Exciting news about your business taking shape!  Sounds like the red tape part is coming to an end...

A question on your miche leaven builds.  The times are very close together....did the leavens have time to ripen in that time frame or did you keep them short intentionally?  Reading the figures for the 3 build I would think that would ripen very quickly due to the small amount of fresh food compared to the amount of seed (1000g)

Makes sense that the loaf would have a mild sour based on the first 2 feeds but that long overnight one seems like it would become more sour due to food supply running low by the end thus creating more of a sour flavor.
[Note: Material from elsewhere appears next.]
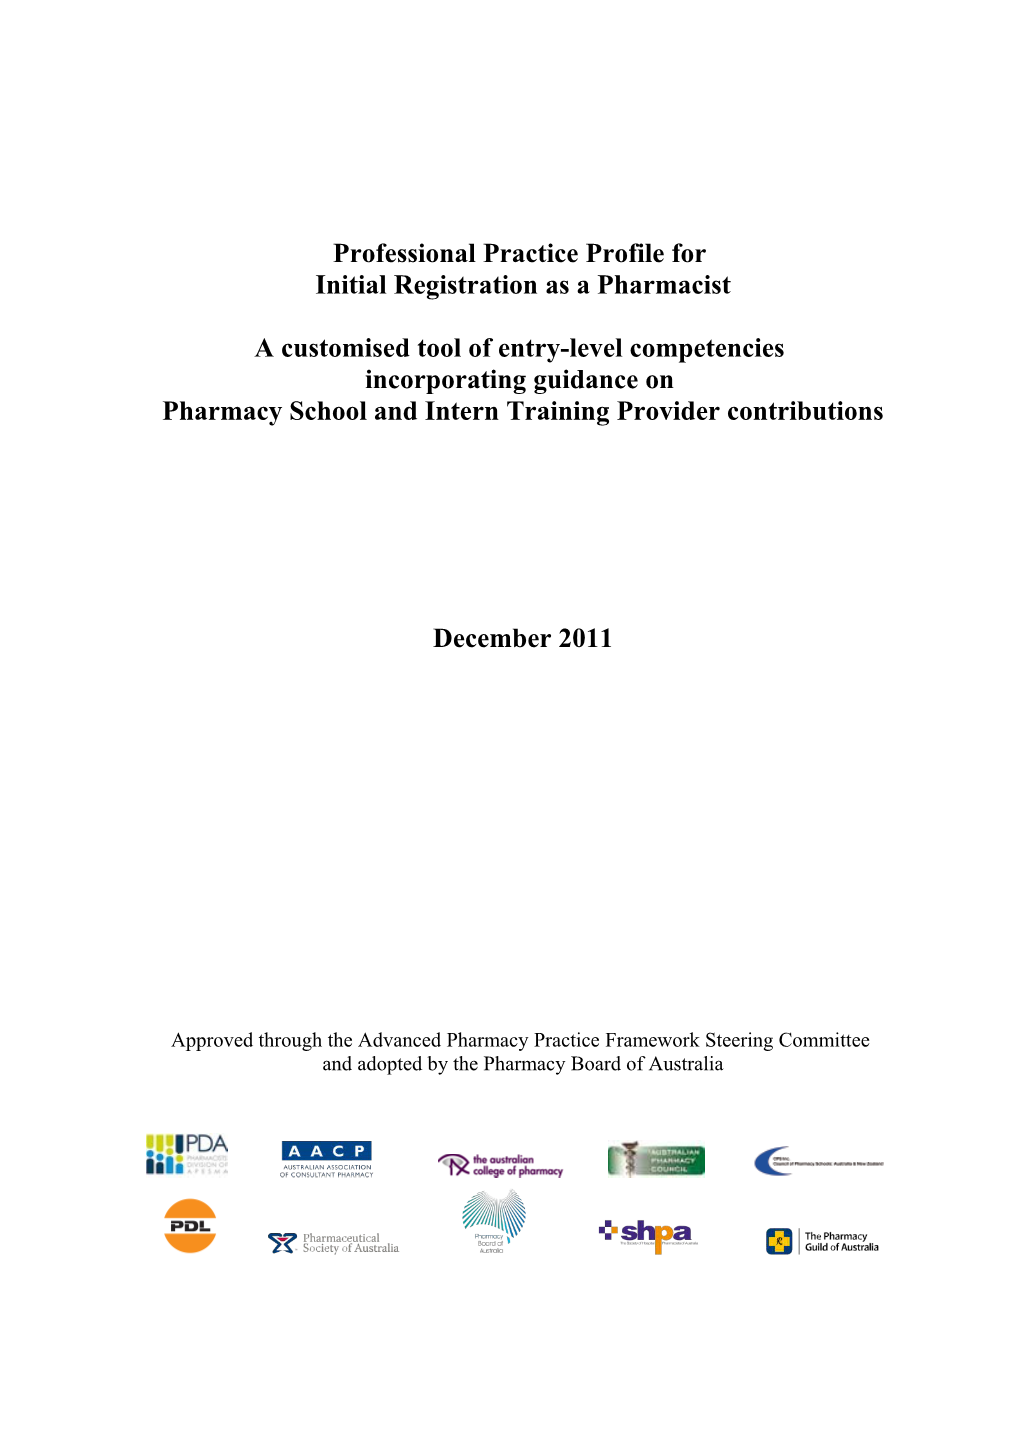 An Analysis of the Source of Learning and Development for Initial Registration As a Pharmacist

Sorry to hear you are off of grains.  If it helps any, I can't eat anything I bake but that doesn't stop me from baking and enjoying the heck out of the aromas..    THe hardest part is I have to rely on others to tell me how the flavors etc are...not a reliable way to do things as all have different tastes.....my daughter and several of my friends are my best info. sources but my daughter is VERY tired of me asking her for her detailed analysis of the loaves I bake.....' Mom, just pay attention to what I eat.  It is ALL good :-).'  Pretty simple solution.

Take Care,

Janet

 

ananda's picture
ananda

Hi Janet,

Well yes we may not be eating grains, but I still sneaked a taste of the Gilchesters bread, and a bit of scone.   I have to; I want to sell these items, so they have to be what I want them to be.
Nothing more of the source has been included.